O Programa Nacional de Uso e Produção do Biodiesel (PNPB) fecha 2011 com números expressivos para a agricultura familiar. A estimativa é de que o ano termine com R$ 1,4 bilhão em faturamento da agricultura familiar em vendas de oleaginosas para as usinas de biodiesel. O valor representa um crescimento de 32% em relação ao ano de 2010 (com faturamento de R$ 1,058 bilhão). A aquisição de matéria prima do combustível (grãos e óleos) atingiu R$ 1,15 bilhão nos três primeiros trimestres deste ano.

Mercado institucional

Cerca de 204 mil agricultores familiares foram beneficiados com o Programa de Aquisição de Alimentos (PAA).
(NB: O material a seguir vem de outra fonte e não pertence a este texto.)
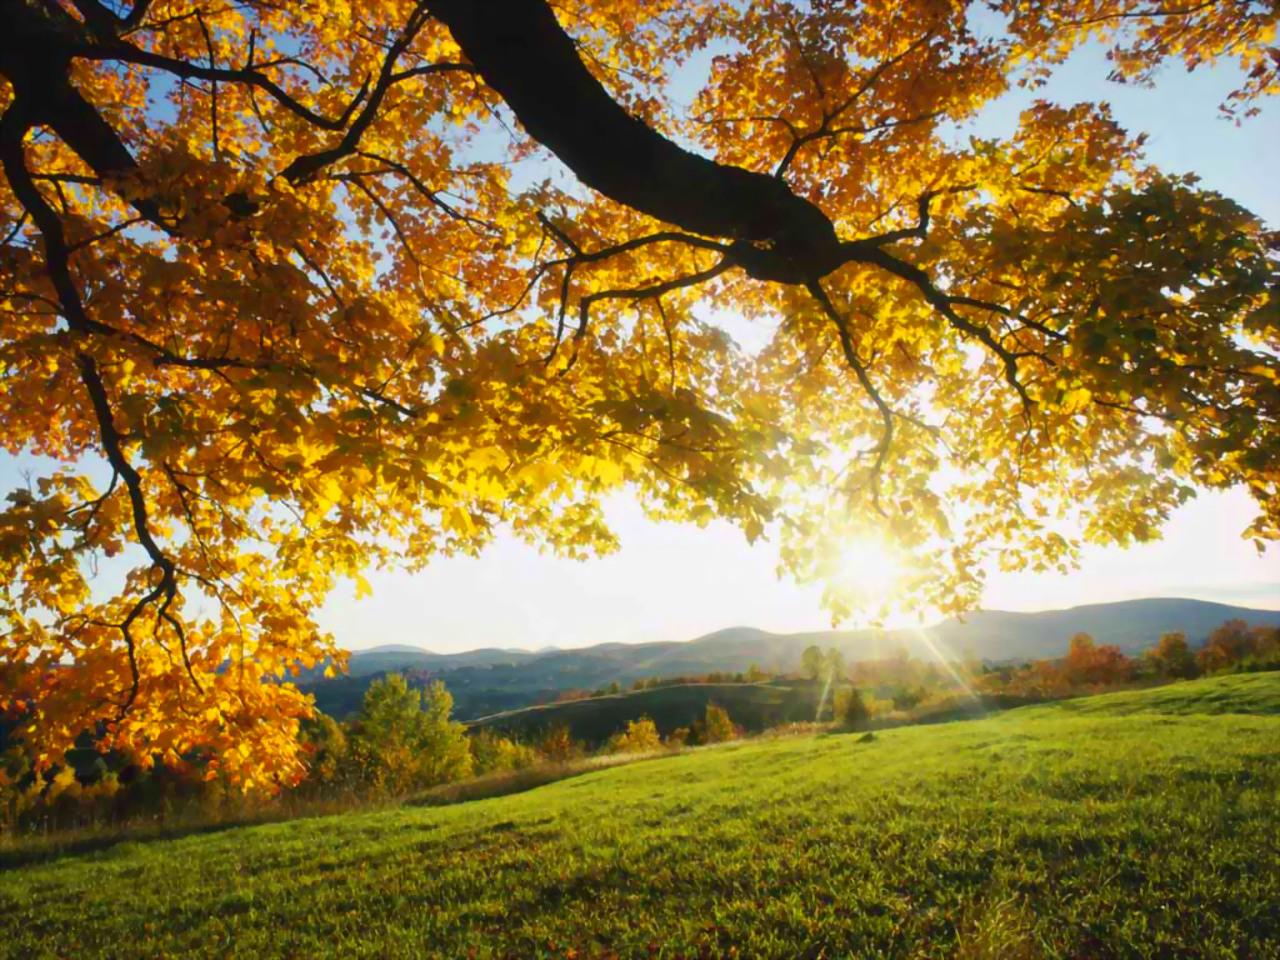 autumn wallpapers for desktop autumn wallpaper widescreen autumn 1280x960

Para este ano, o orçamento disponibilizado pelo Governo Federal para o PAA chegou a R$ 793 milhões, que corresponde a R$ 138 milhões a mais do que o disponibilizado em 2010. Neste final de 2011, cerca de 364 mil agricultores familiares participam do programa.
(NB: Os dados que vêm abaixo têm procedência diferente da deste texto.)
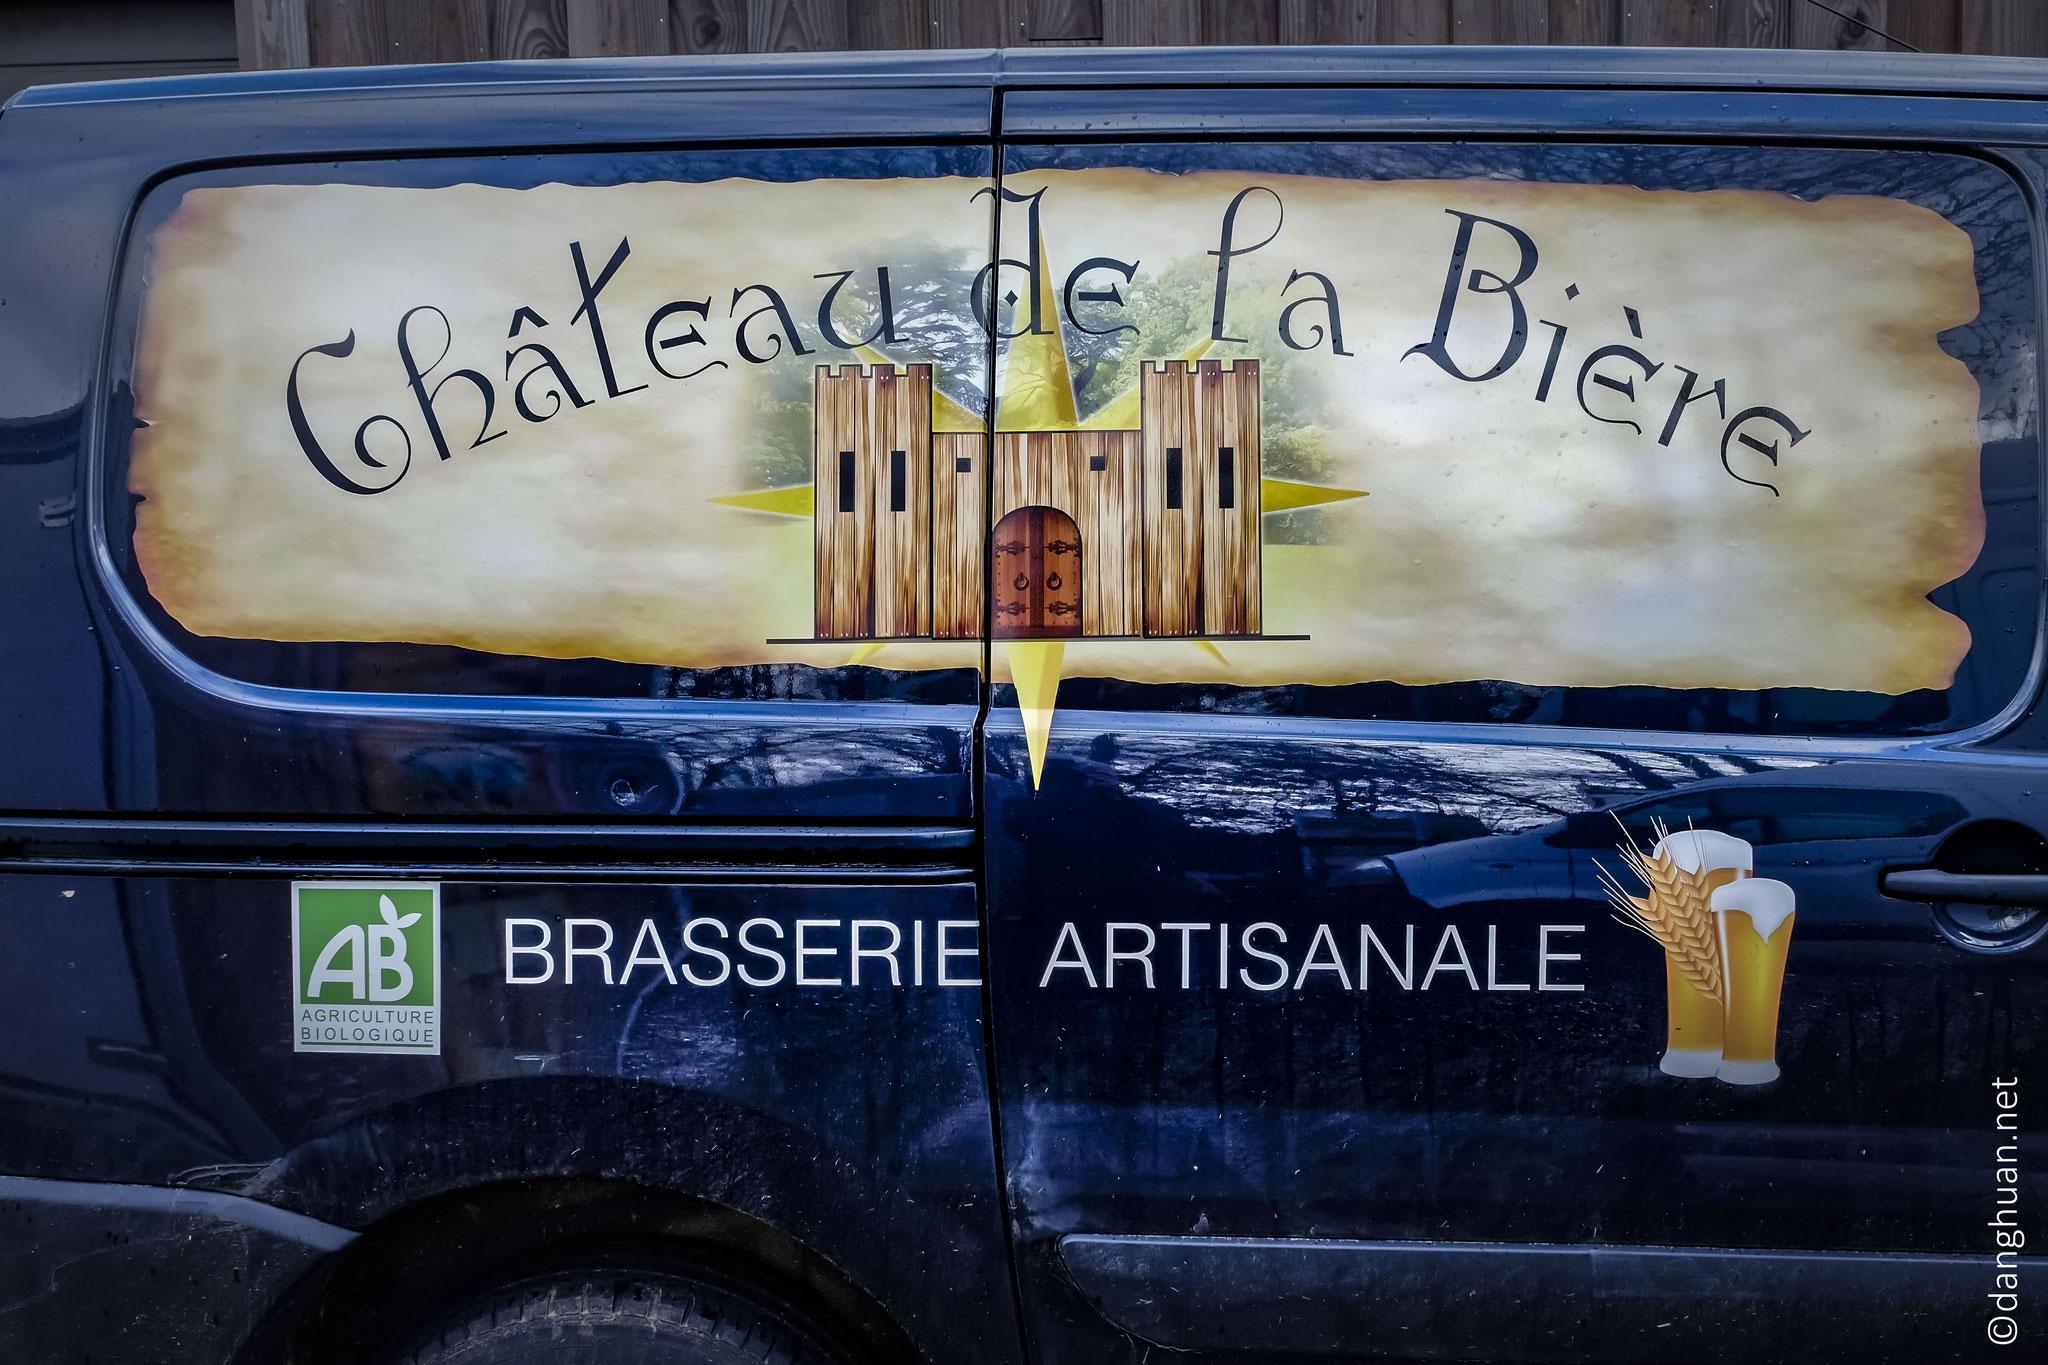 Fabrication de bière artisanale - les Brasseurs Donatien & Pascale LESELLIER à Lonlay-l'abbaye

Em 2011, foram disponibilizados R$1 bilhão para a a aquisição de produtos da agricultura familiar para atender à alimentação escolar no âmbito do Programa Nacional de Alimentação Escolar (PNAE). Além disso, o Projeto Nutre consolidou suas ações na região Nordeste, com a metodologia de ATER que atua com as organizações econômicas da agricultura familiar e com os gestores dos municípios para garantir a execução da Lei da Alimentação Escolar. Este ano essa metodologia foi implantada nos estados do Pará, de São Paulo, do Rio de Janeiro e em Minas Gerais.

A Lei da Alimentação Escolar determina que no mínimo 30% dos recursos repassados pelo FNDE no âmbito do PNAE deverão ser utilizados na aquisição de gêneros alimentícios diretamente da agricultura familiar e do empreendedor familiar rural ou de suas organizações.